Редактор, выслушав эти соображения горестно рассмеялся:
— Когда же вы, наконец, научитесь мыслить? Видеть отчетливо большую тему в потоке случайных, разрозненных явлений? При чем тут все ваши сомнения, когда тема эта в данном случае… — он умолк на полуслове, вглядываясь в меня напряженно несколько секунд, как бы решая про себя, стоит ли передо мной метать бисер, и поднял торжественно левую руку с нацеленным в люстру указательным пальцем. — Тема эта: искусство и человек. Человек и искусство. — Я ошалело следил за его пальцем, и он подобрел, подсел ко мне на диван, обнял за плечи. — Не понимаете?.. — Редактор любил, когда его в первую минуту не понимали. Развивая дорогую мысль, импровизируя, он полемически оттачивал аргументы. — Человек и искусство, — повторил он. — Вы подумали о чем угодно, но только не о фильме «Главная улица». А в «Главной улице» — главная тема. Может быть, этот фильм — не по воле его авторов, разумеется — и подсказал герою вашей будущей статьи определенный образ действия. Он вынес из фильма не боль за человека. Не это — помните? — удивленное и беззащитное, как у наказанного невесть за что ребенка, лицо стареющей женщины. Не отвращение к миру, в котором смех перестает быть смехом, потому что может рассмешить только горе, только слезы. Нет! Он вынес идею розыгрыша… Сюжет утратил для него философское, эмоциональное содержание, стал руководством к подлости. Конечно, подобный нравственный урод — один из тысячи, из миллиона. Это случай патологический, музейно-редкий.
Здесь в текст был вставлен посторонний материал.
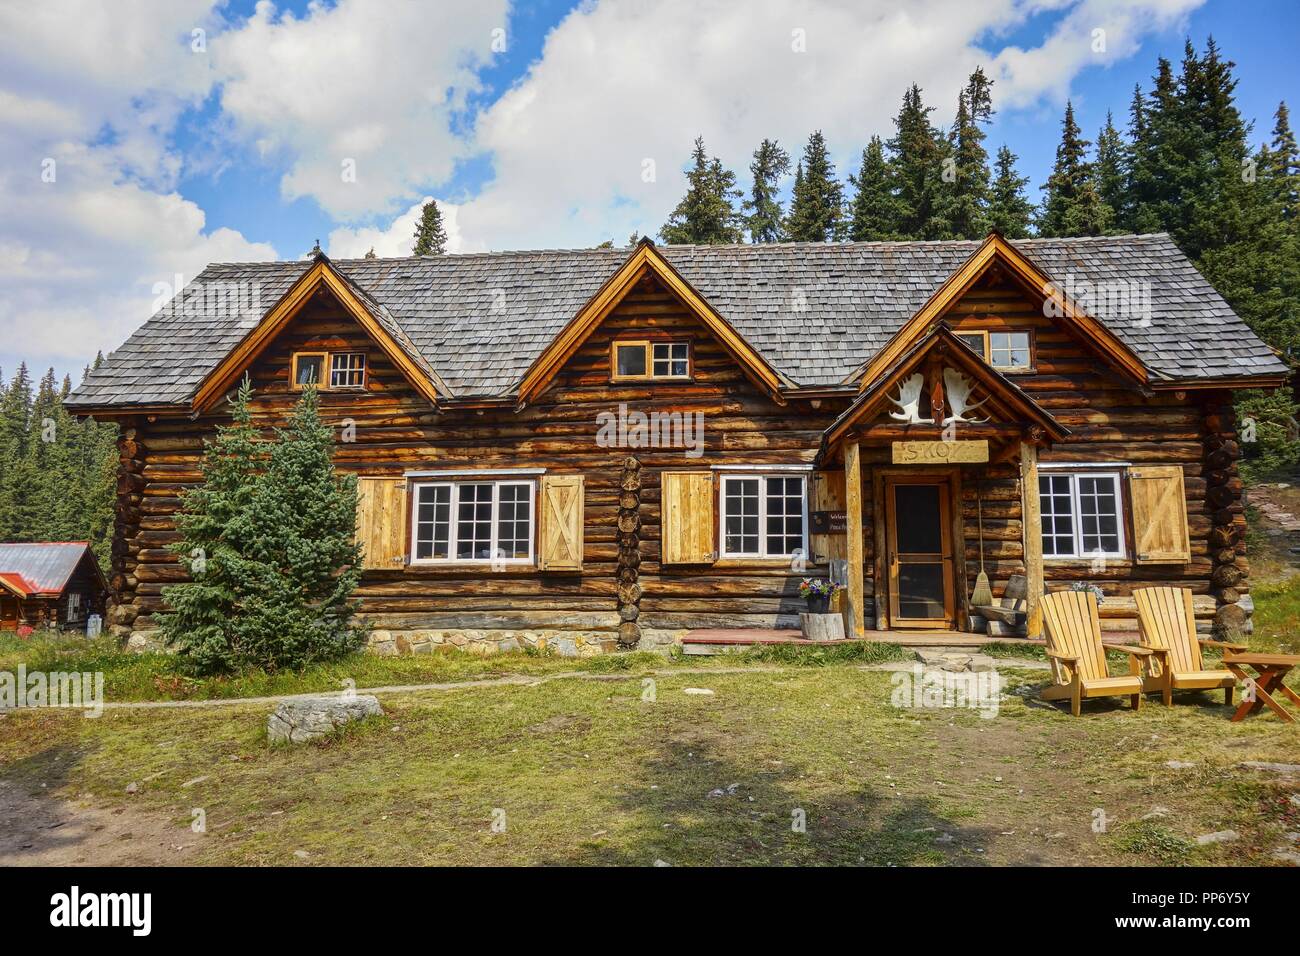 Skoki ski Lodge Log Cabin façade extérieur du bâtiment. Lieu historique national du Canada vue de face, Parc national Banff Rocky Mountains Wilderness Banque D'Images

Но — постарайтесь тут понять меня особенно отчетливо — из жизни действительно что-то ушло. И вашей кибернетикой вы этого не восполните. Не перебивайте! Я боюсь утратить нить… Эмоциональное, философское воздействие искусства на души молодых ослабло. Конечно, я не думаю, чтобы уже сегодня нашелся юноша, который в «Войне и мире» запомнит не любовь Болконского, не его поиски смысла жизни, а тактику совращения Наташи Анатолем Курагиным. Но ведь вот даже вам не импонирует, что автор этого письма относится к героям Толстого и Тургенева с неким старомодным трепетом. А? — Он улыбнулся торжествующе и опять ухватился за «нить»: — Искусство, дорогой мой, — это океан. Когда-то думали, что его сокровище — жемчуг. А оказалось — планктон, мокрые пастбища, которыми можно накормить все живое в воде и на суше. Если этого не понимать, то остаются жемчуг и акулы. А поскольку жемчуг вообще редкое явление…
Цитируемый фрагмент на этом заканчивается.